*Input data*.
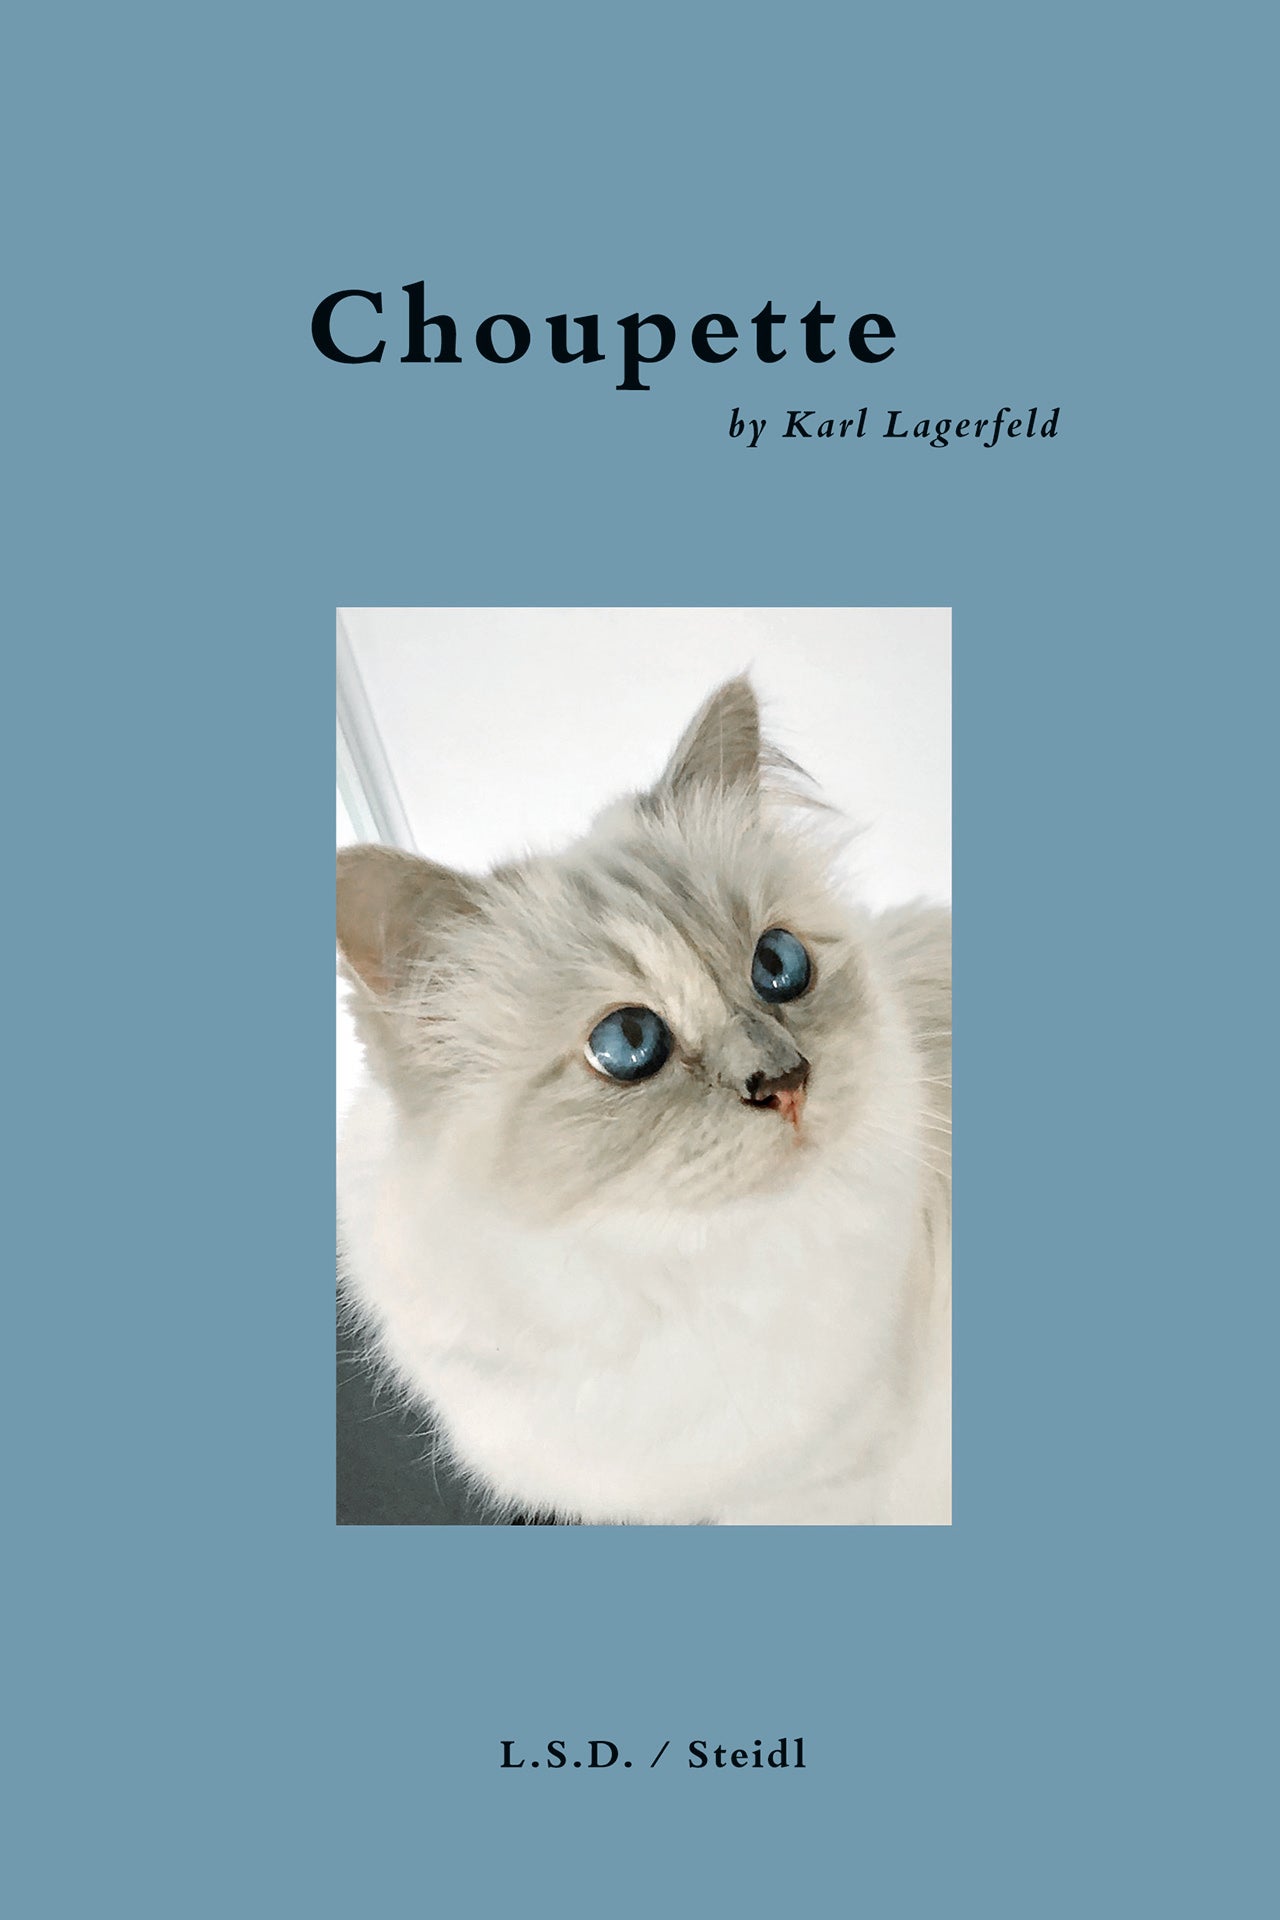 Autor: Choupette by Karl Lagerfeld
...
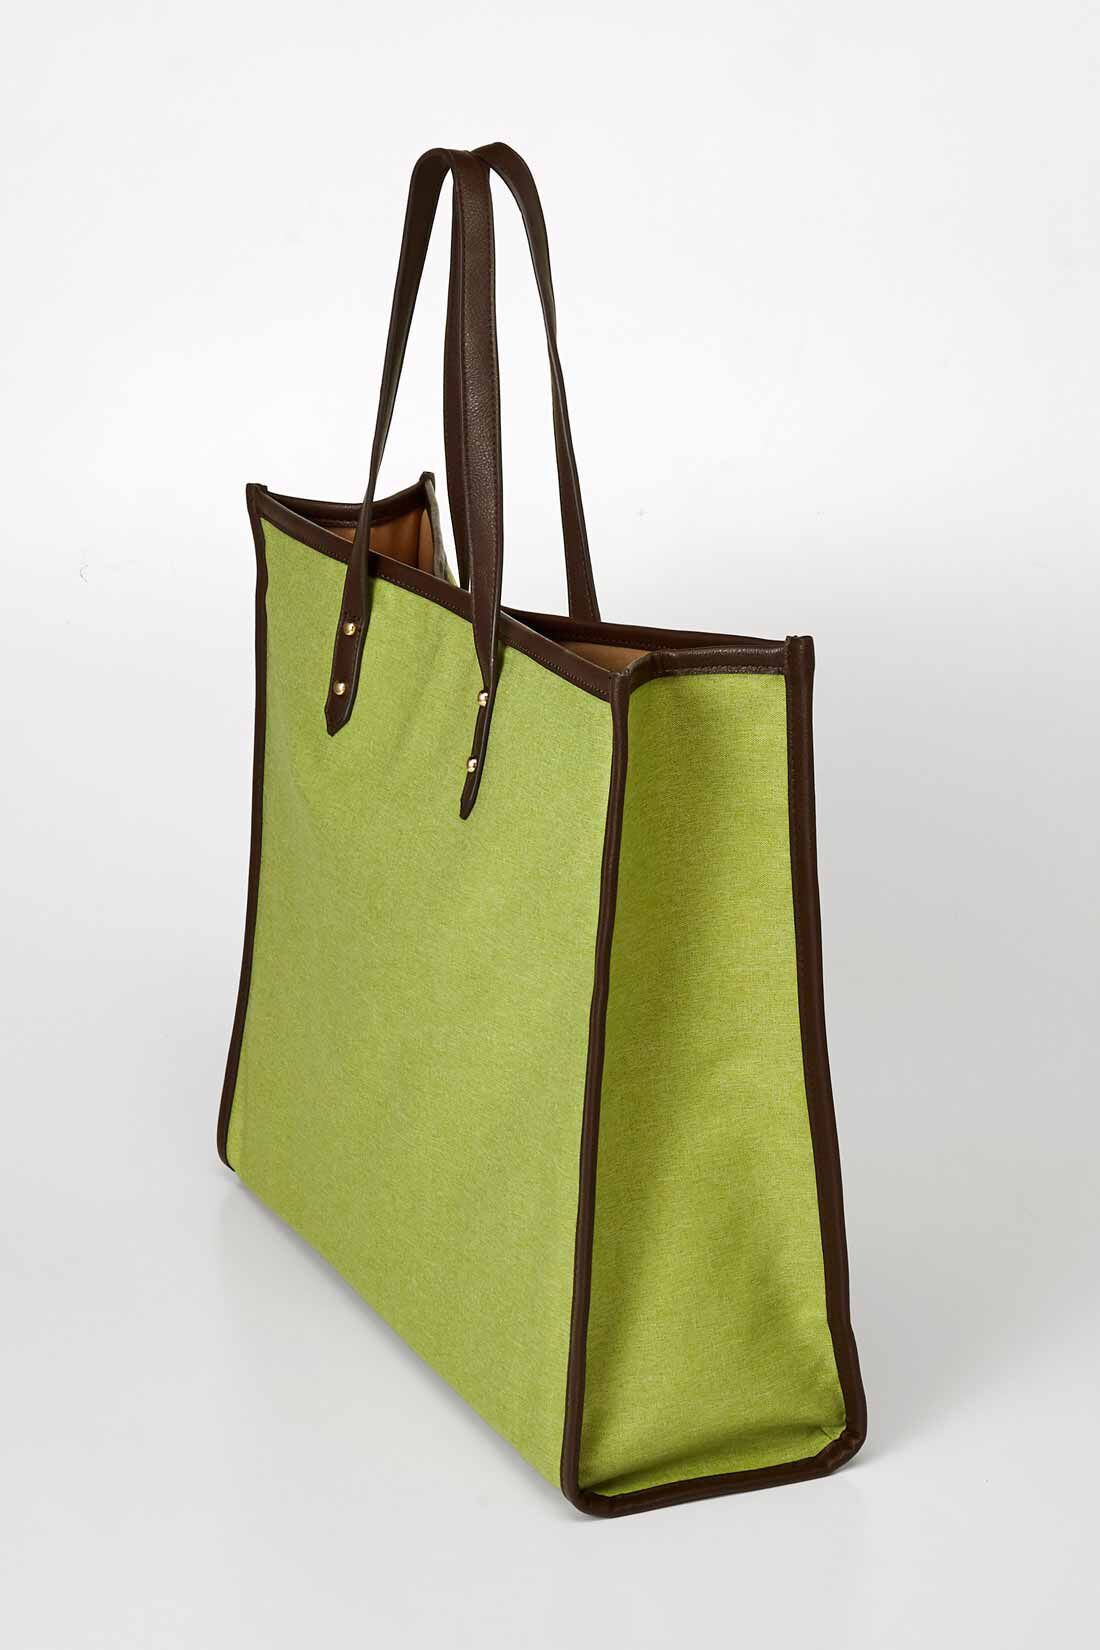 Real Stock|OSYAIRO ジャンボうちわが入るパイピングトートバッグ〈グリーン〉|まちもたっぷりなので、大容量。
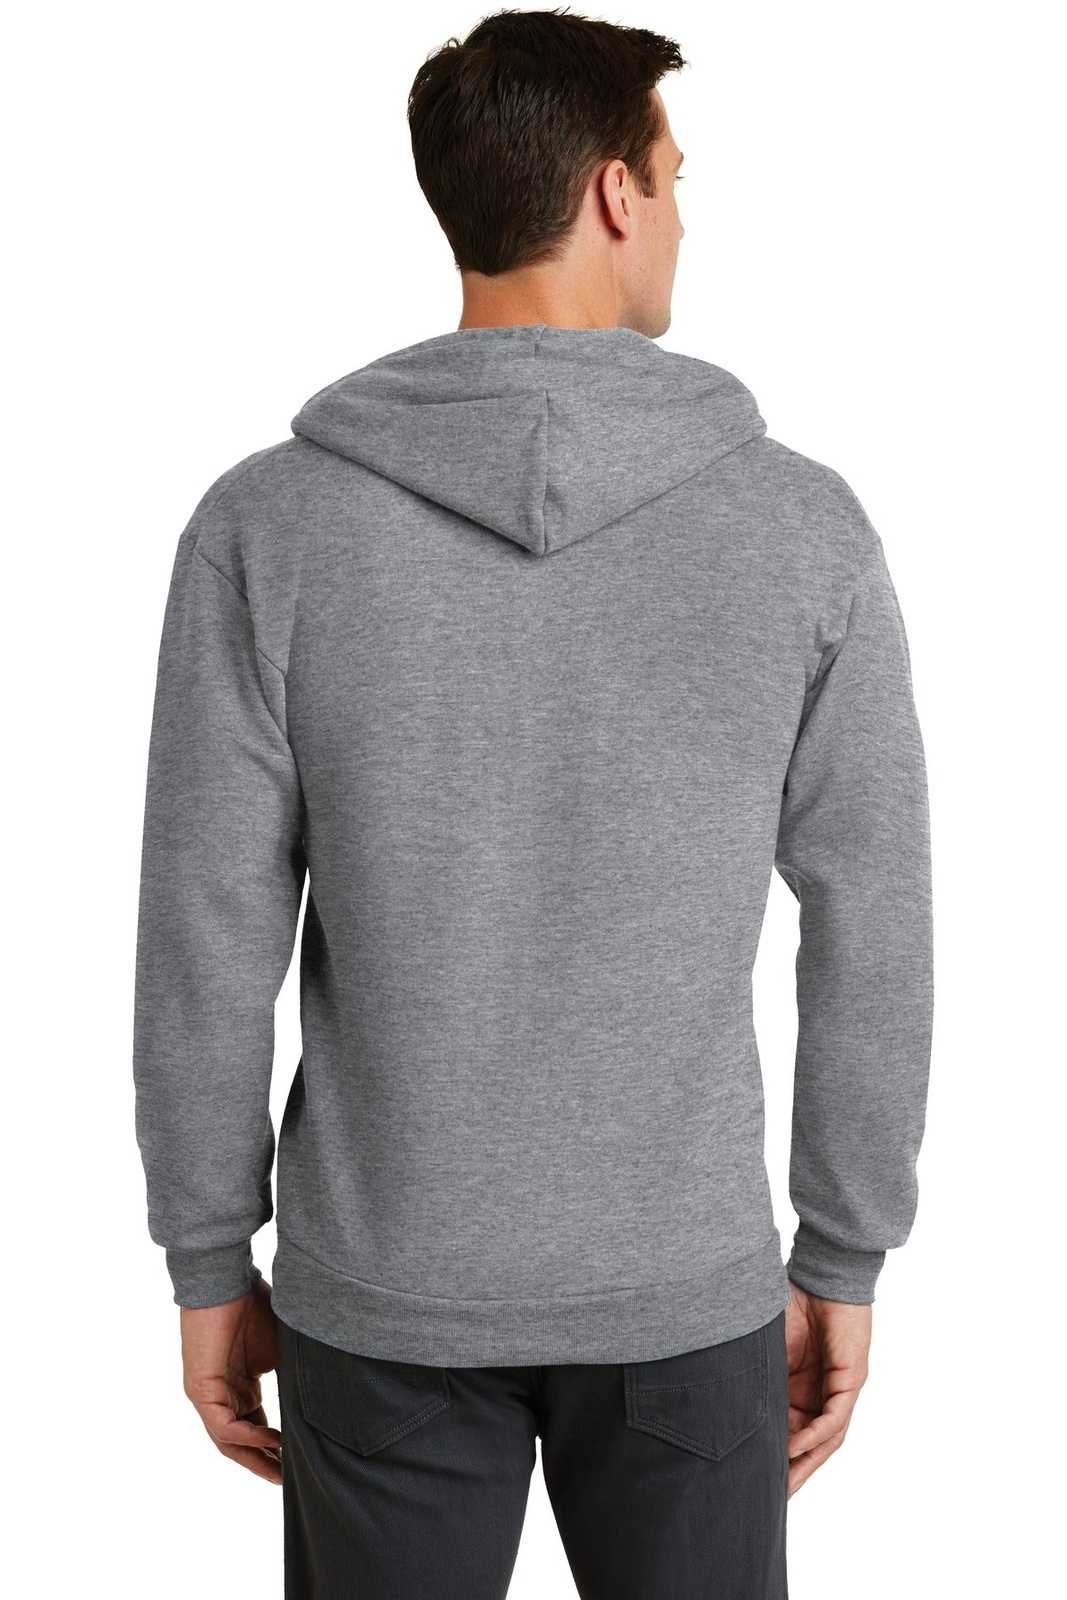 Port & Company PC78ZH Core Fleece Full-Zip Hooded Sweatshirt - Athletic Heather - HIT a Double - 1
...
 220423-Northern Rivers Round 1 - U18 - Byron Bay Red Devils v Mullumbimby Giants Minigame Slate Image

*Exercise aim*. Look above for the line with "Real Stock|OSYAIRO ジャンボうちわが入るパイピングトートバッグ〈グリーン〉|まちもたっぷりなので、大容量。" and the line with "Port & Company". Give again exactly those two lines and all lines between them, pictures excluded.

*Answer box*.
 Real Stock|OSYAIRO ジャンボうちわが入るパイピングトートバッグ〈グリーン〉|まちもたっぷりなので、大容量。
 Port & Company PC78ZH Core Fleece Full-Zip Hooded Sweatshirt - Athletic Heather - HIT a Double - 1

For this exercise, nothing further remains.